EIGHT INTERNATIONAL ARTISTS EXPLORE NOTION OF 'HOME' IN WALKER
ART CENTER EXHIBITION no place (like home)
Due to the increasing movement of peoples across national and cultural
boundaries and the influence of media and technologies in our contemporary
world. the notion of home is no longer necessarily defined by property
lines but rather, for many, as a personal space constructed from history
and myth, individual and collective memory. In the Walker Art Center-organized
exhibition no place (like home). eight young international artists interweave
geography. culture, and history in a way that subverts any sense of defined
origin or place, any sense of home. Walker Chief Curator Richard Flood
has invited artists from Cuba. Great Britain, Northern Ireland, the Philippines,
South Africa, the United States, and Venezuela for an exhibition that begins
to map the contours of a hybrid language of globalism through works that
manipulate a range of found and appropriated materials. no place (like
home) will be presented at the Walker March 9-June 8, 1997. The accompanying
catalogue will feature essays on both the artists' work and the exhibition's
themes as well as interviews with each of the artists and extensive documentation
of
their works.
- The artists represented in no place (like home)-
- Zarina Bhimji (Great Britain)
Nick Deocampo (Philippines)
Willie Doherty (Northern Ireland)
Kay Hassan (South Africa)
Kcho (Cuba),
Gary Simmons (United States),
Meyer Vaisman (Venezuela-United States),
Kara Walker (United States)
They have come of age in the mid 1980s and early 1990s with their presence
on the international contemporary art scene underscored by recent exhibitions
of work by Hassan in Berlin, Kcho in New York and Spain, and Doherty and
Walker in Paris.
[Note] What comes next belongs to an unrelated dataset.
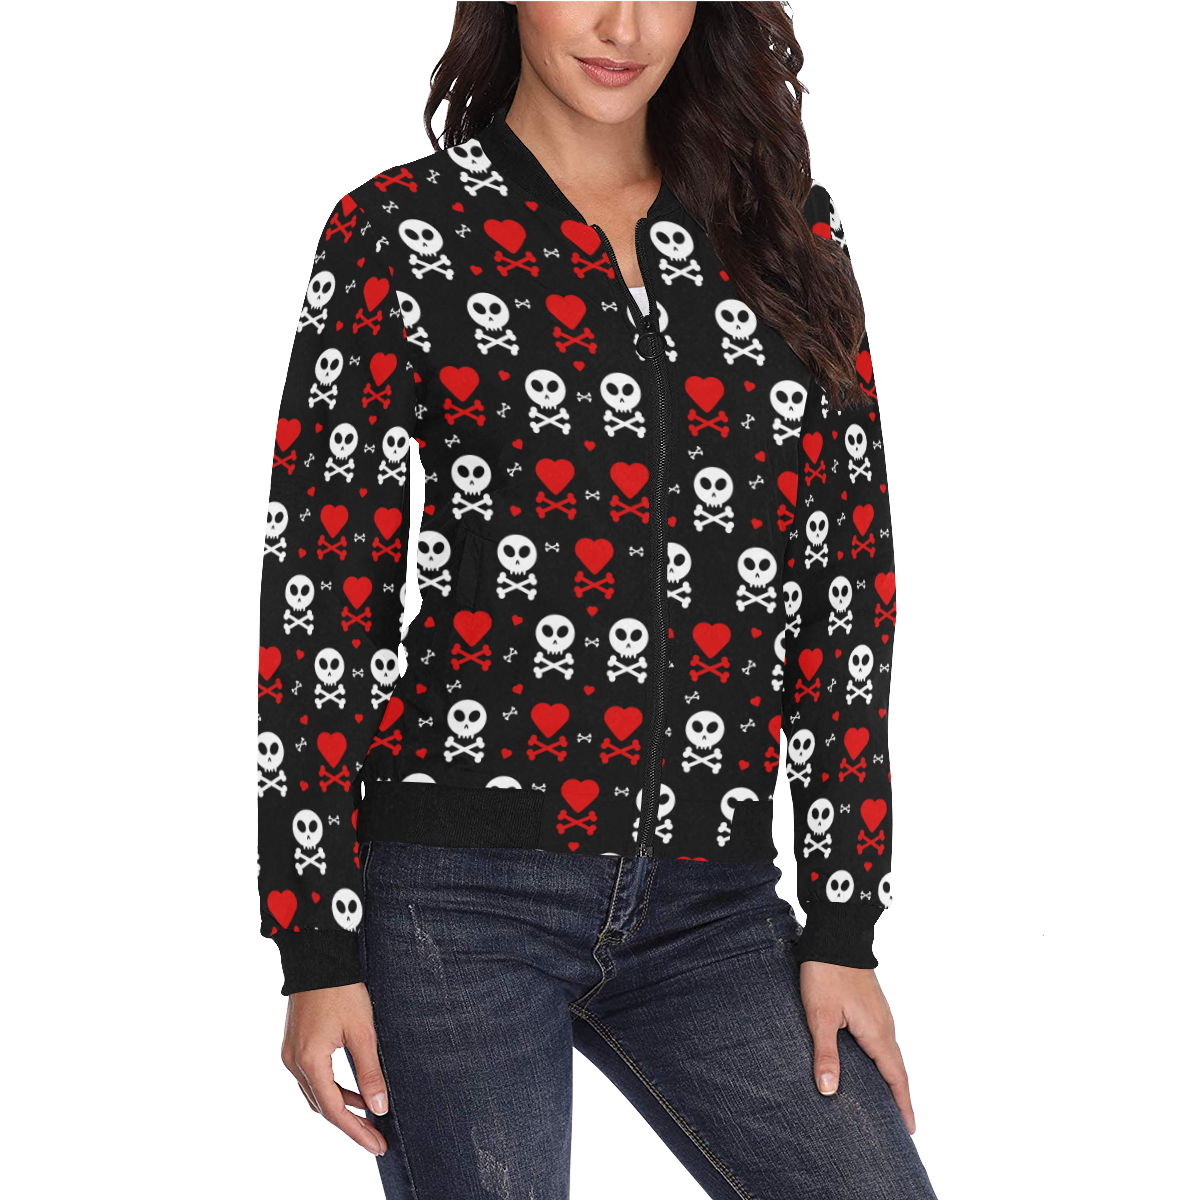 Skull and Crossbones All Over Print Bomber Jacket for Women (Model H36)
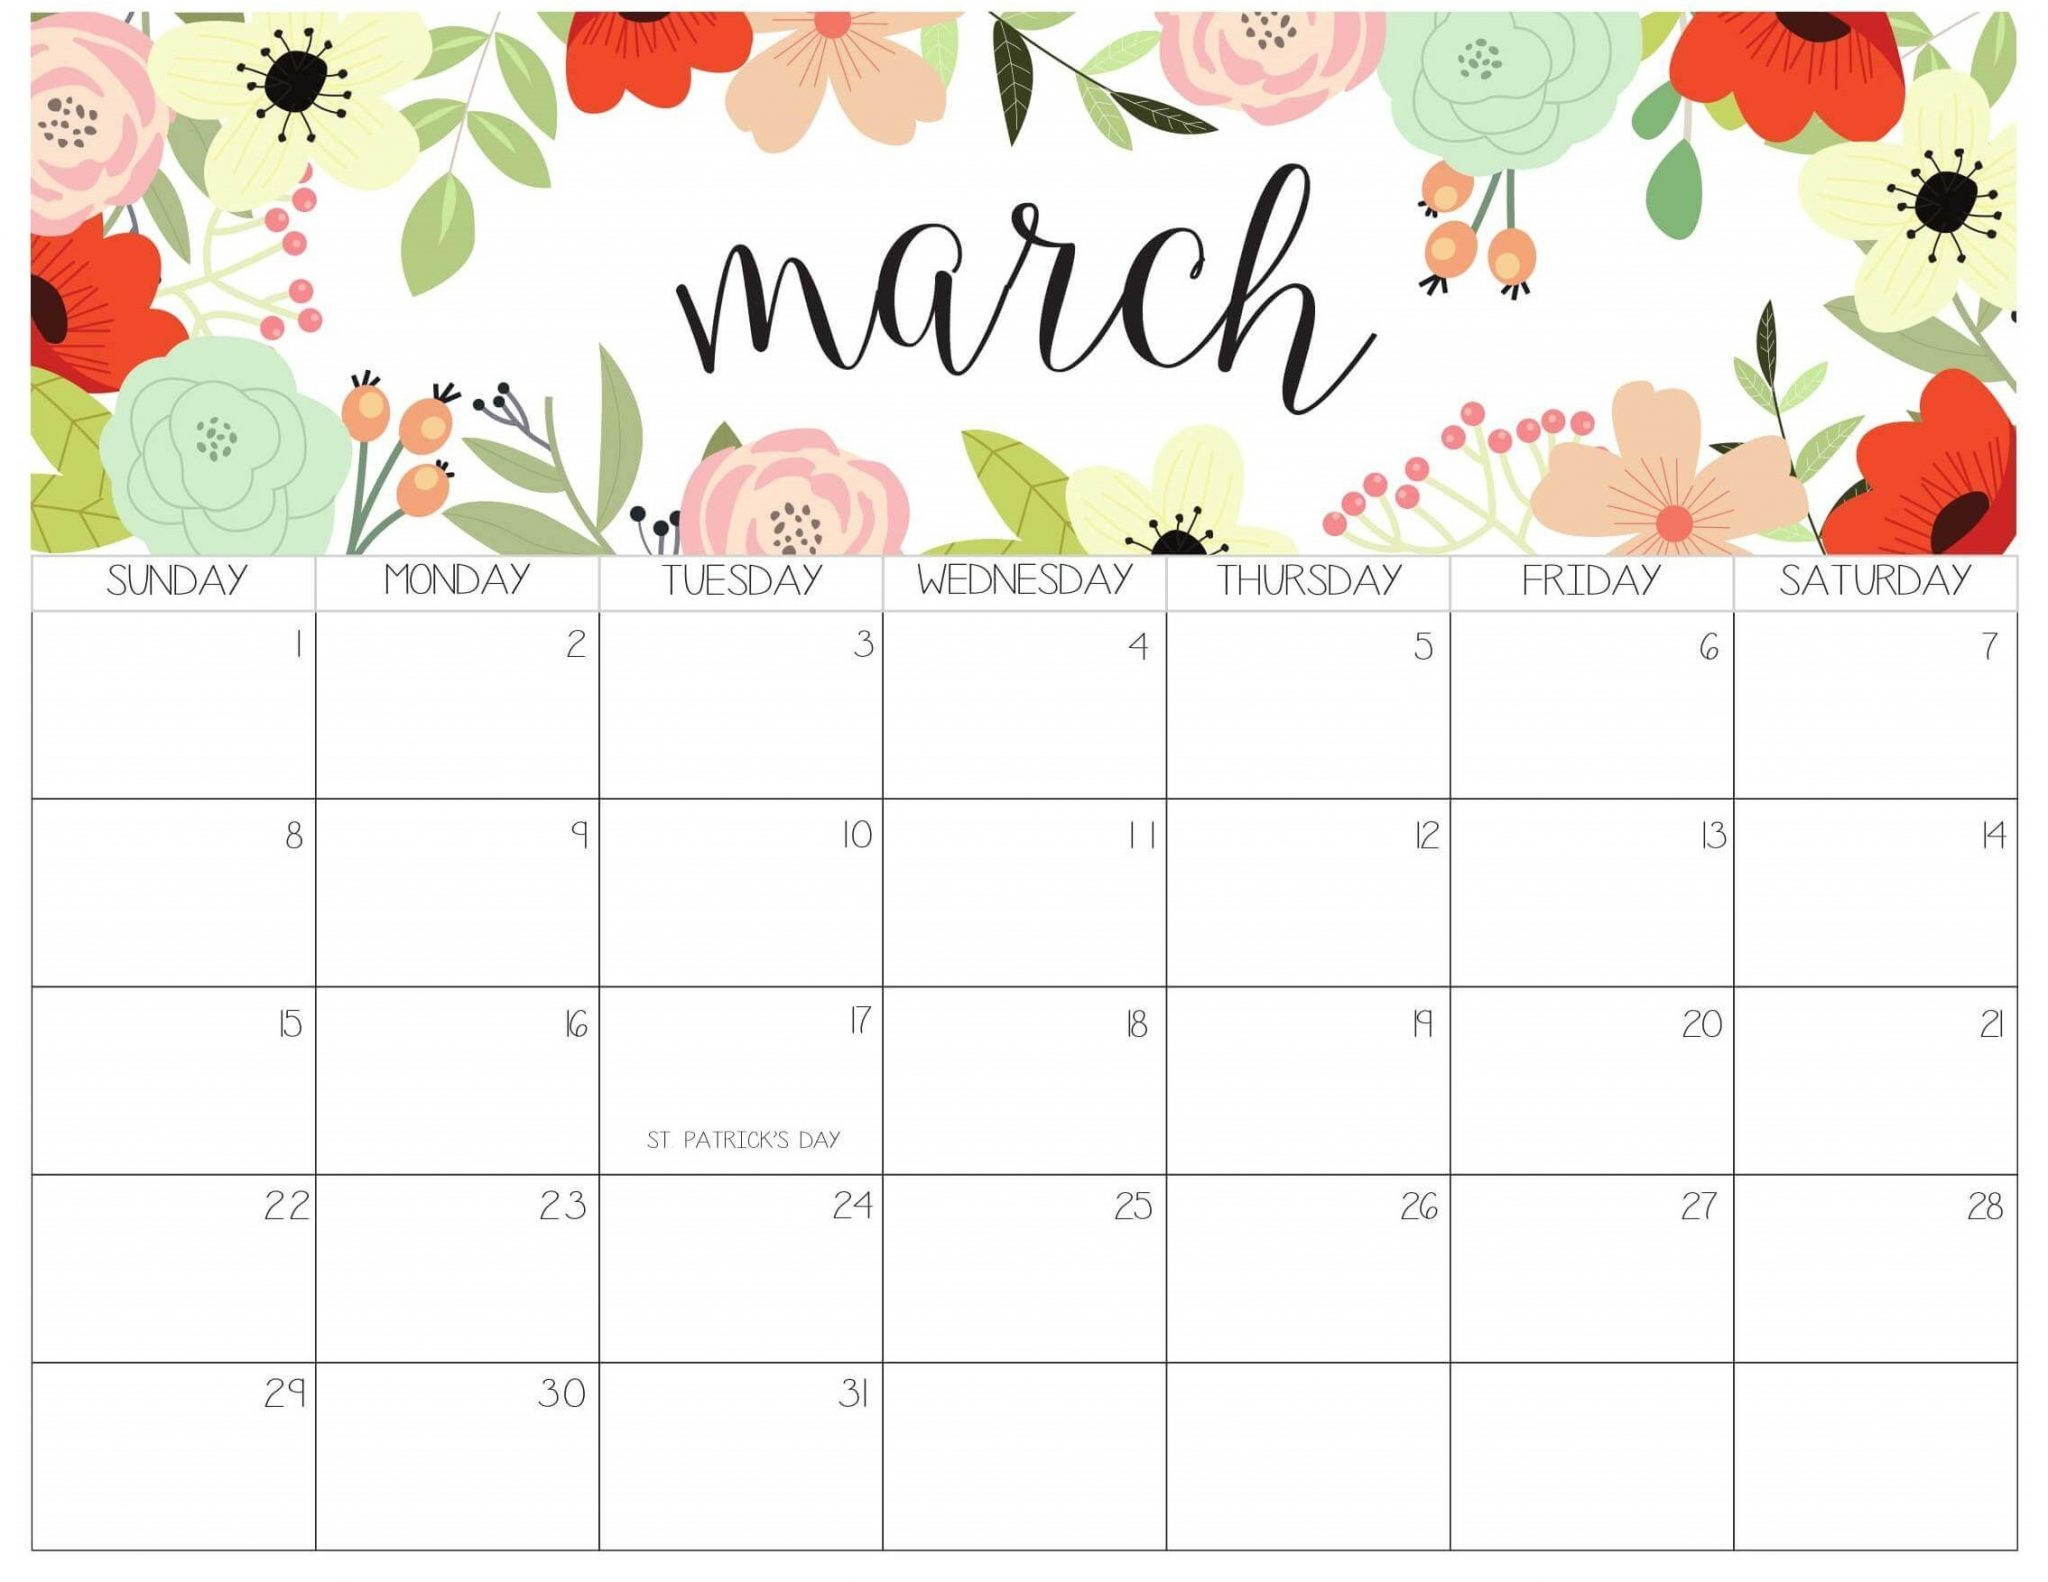 March 2020 Office Desk Calendar | Calendar 2019

Their work is united by issues pertinent to the last quarter
of the 20th century, including access and isolation, the overlap of history
and fiction, and the redefining of our sense of place. The exhibition will
feature installation-based work by Bhimji, Doherty, Hassan, Kcho, Simmons,
Vaisman, and Walker, some newly commissioned. Filmmaker Deocampo will be
represented by retrospective screenings of his Super 8 and 16mm film work,
curated by Walker Assistant Curator of Film/Video Marlina Gonzalez-Tamrong.